* [Given material]
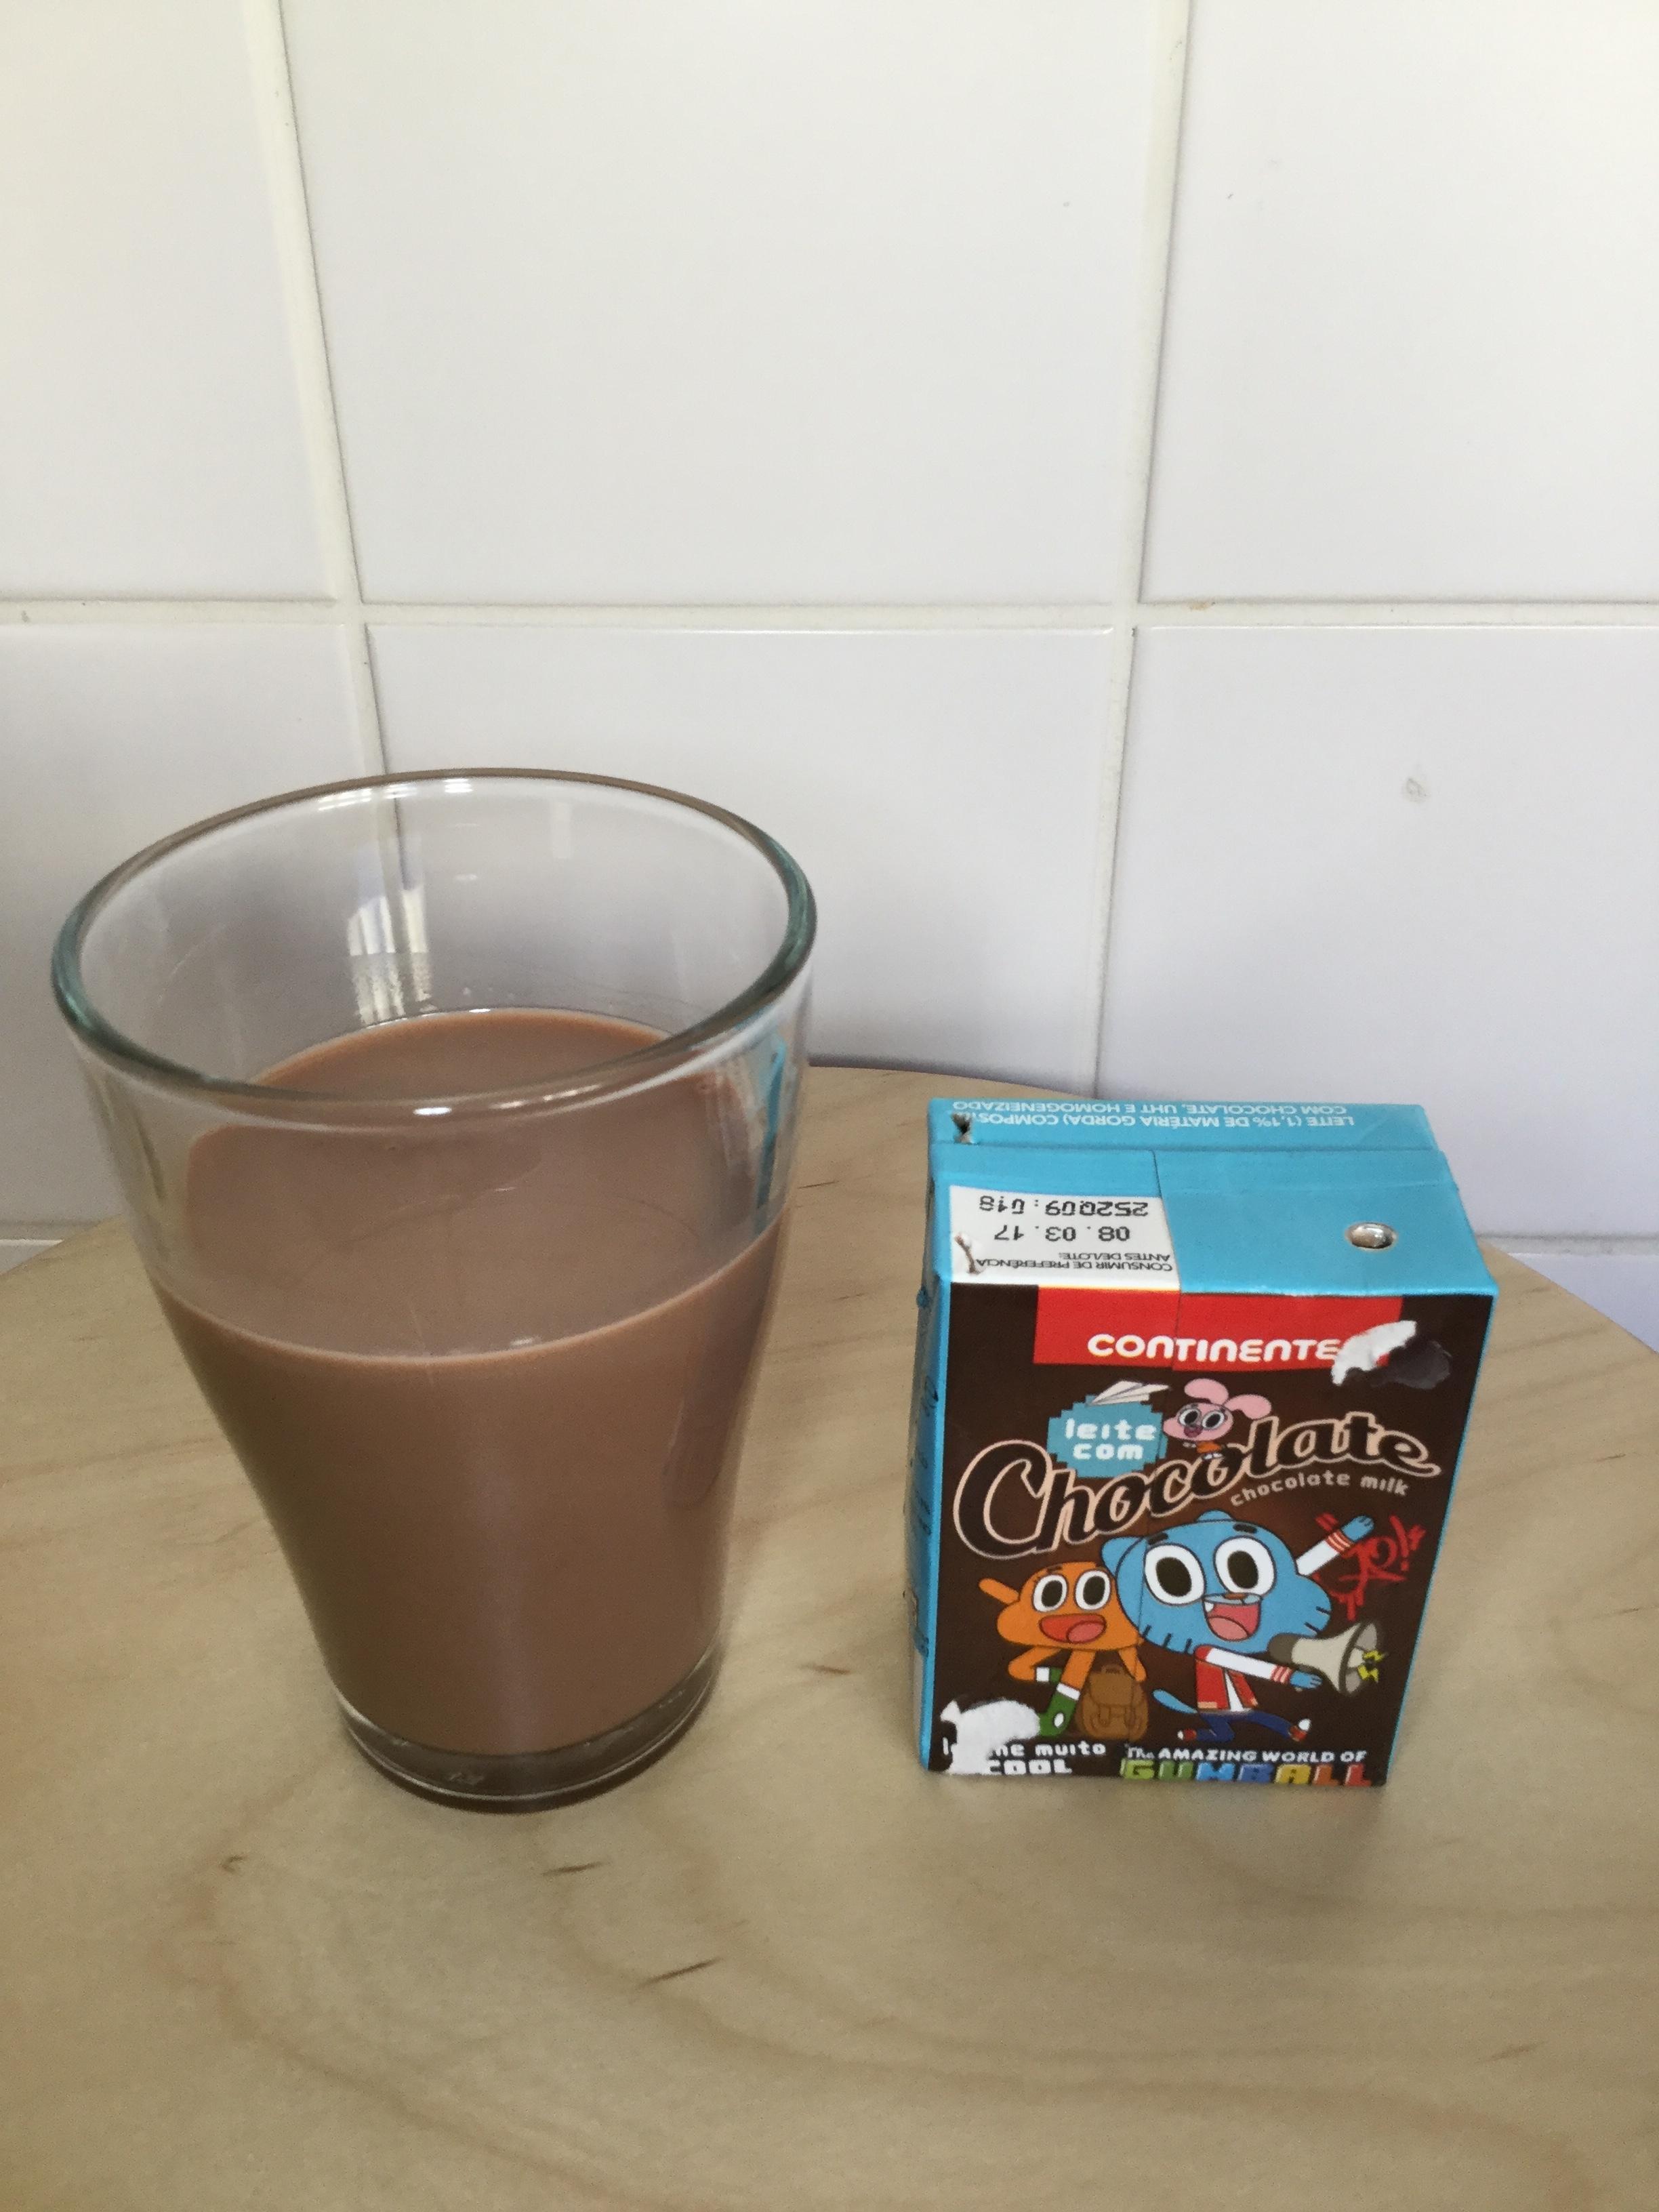 Continente Leite Com Chocolate Cup
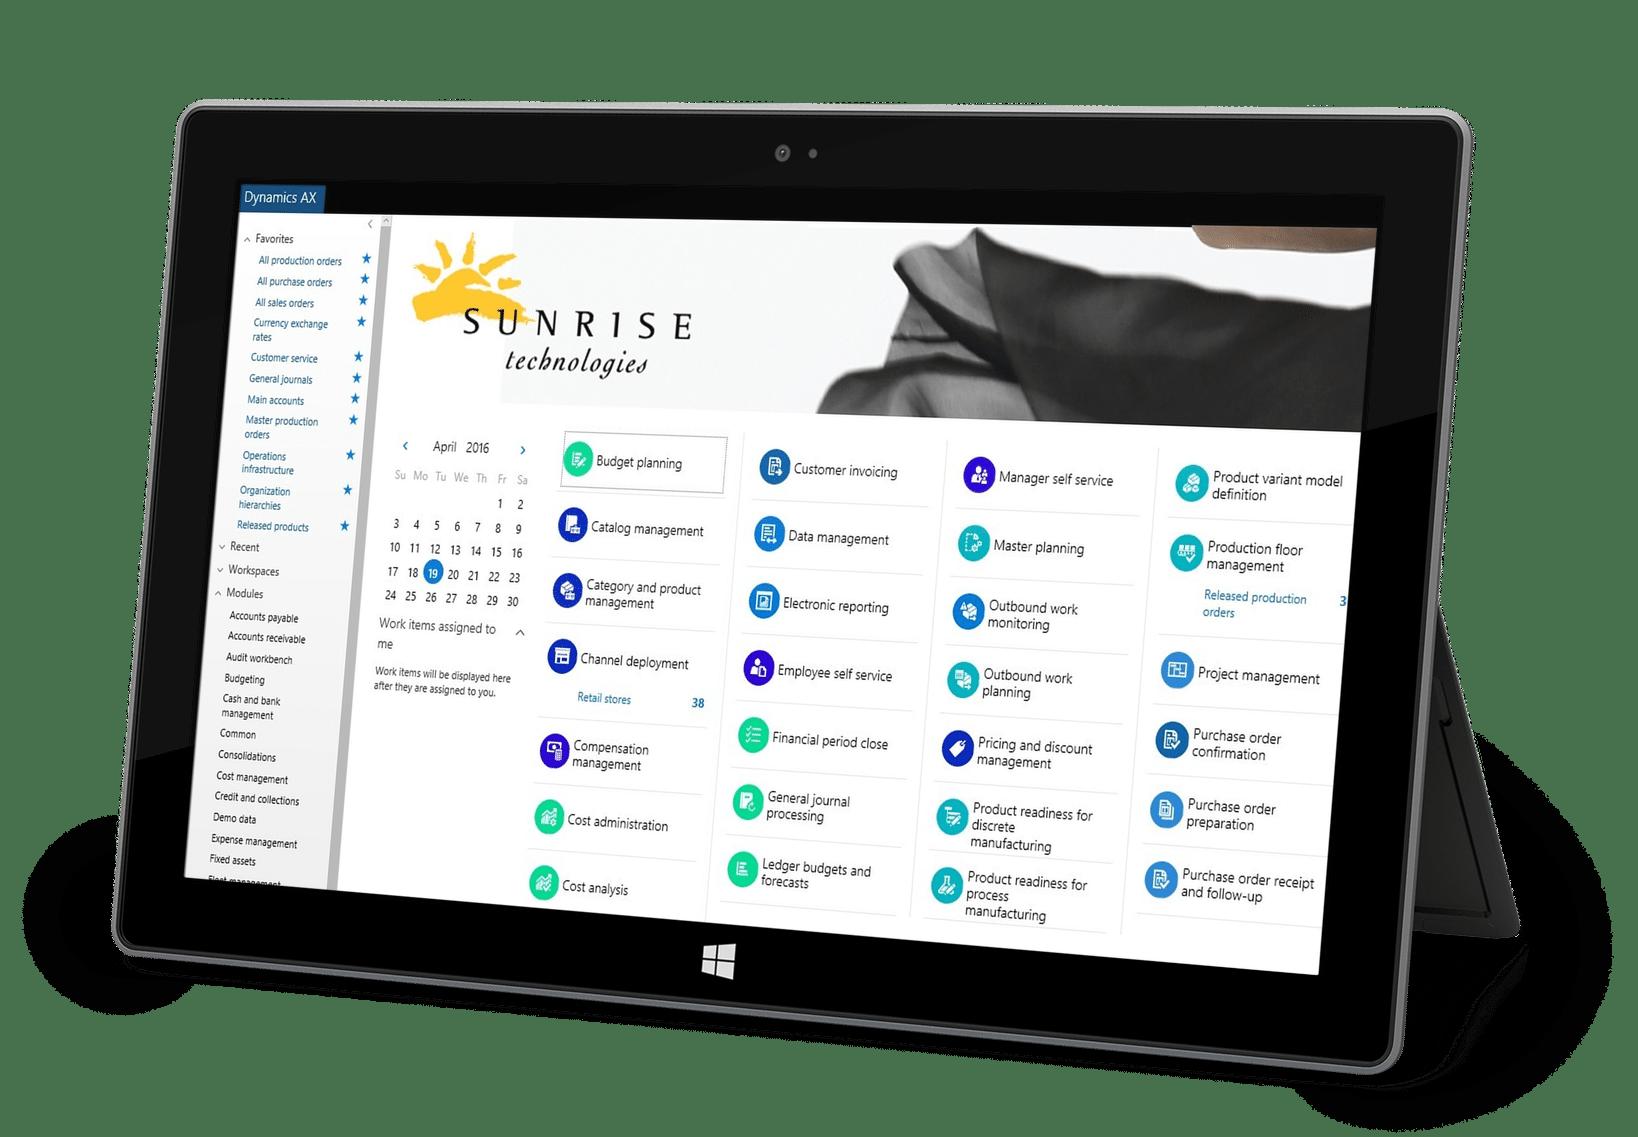 Sunrise Microsoft Dynamics AX Surface
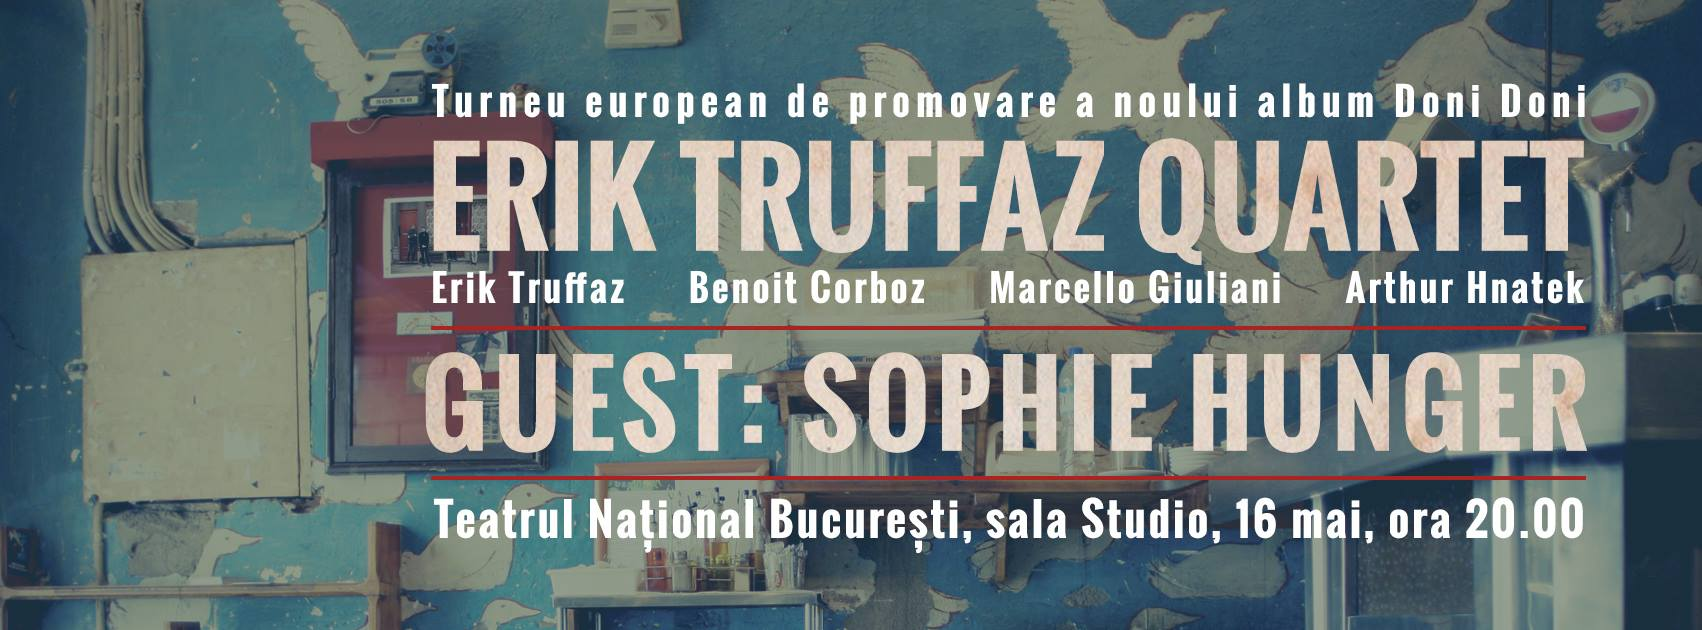 Sophie Hunger Erik Truffaz Quartet
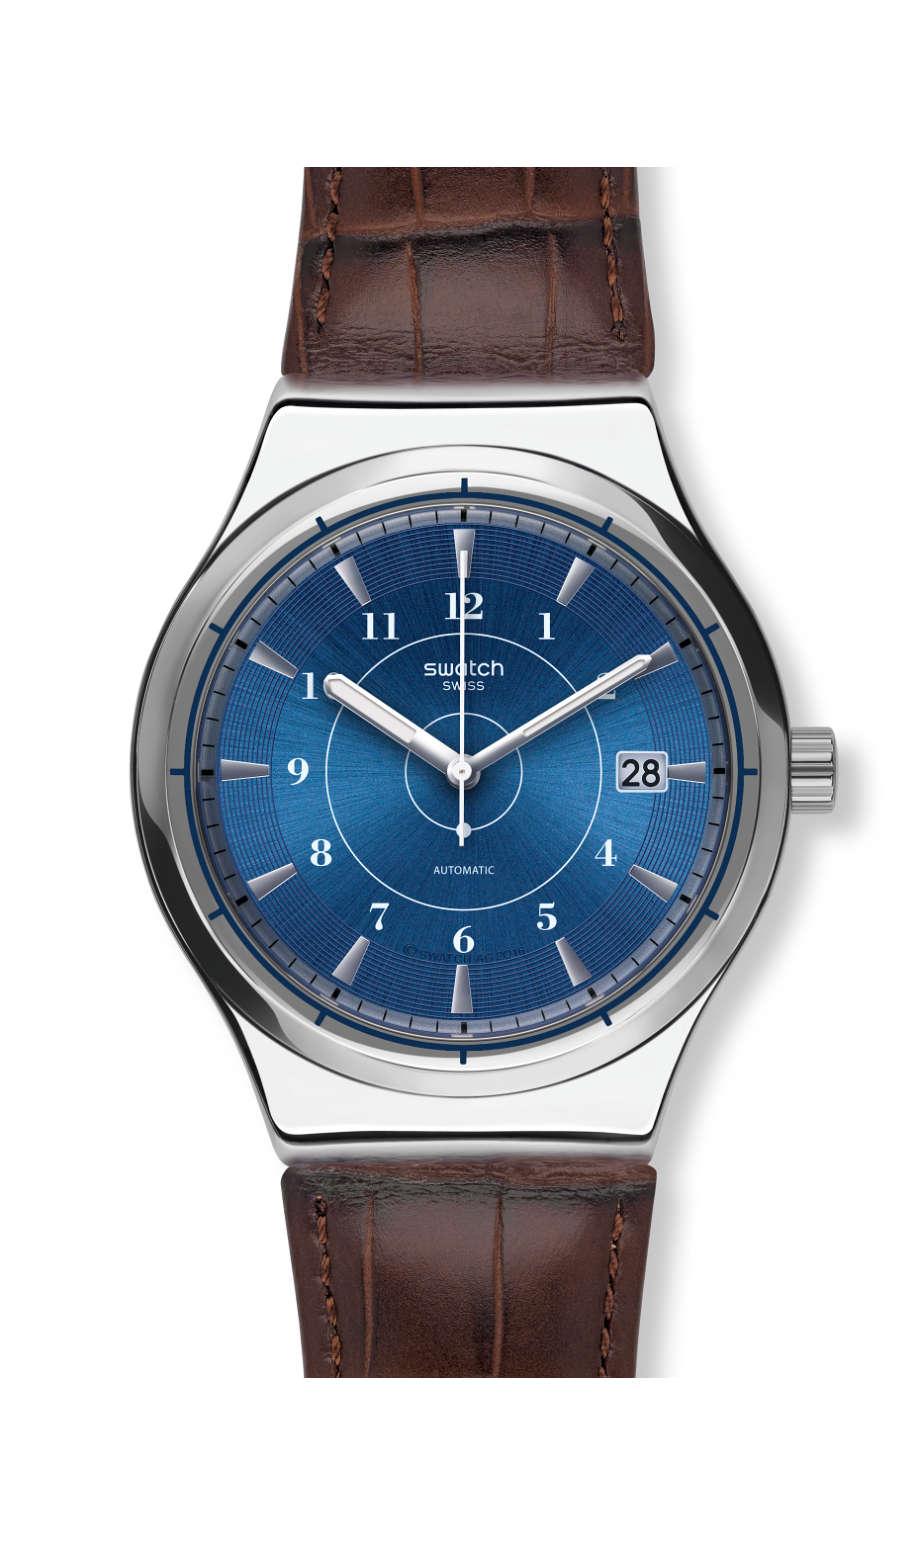 Swatch - SISTEM FLY - 1

* [Exercise requirements]
Every word of the material above should be copied exactly; no pictures.

* [Answer space]
 Continente Leite Com Chocolate Cup
 Sunrise Microsoft Dynamics AX Surface
 Sophie Hunger Erik Truffaz Quartet
 Swatch - SISTEM FLY - 1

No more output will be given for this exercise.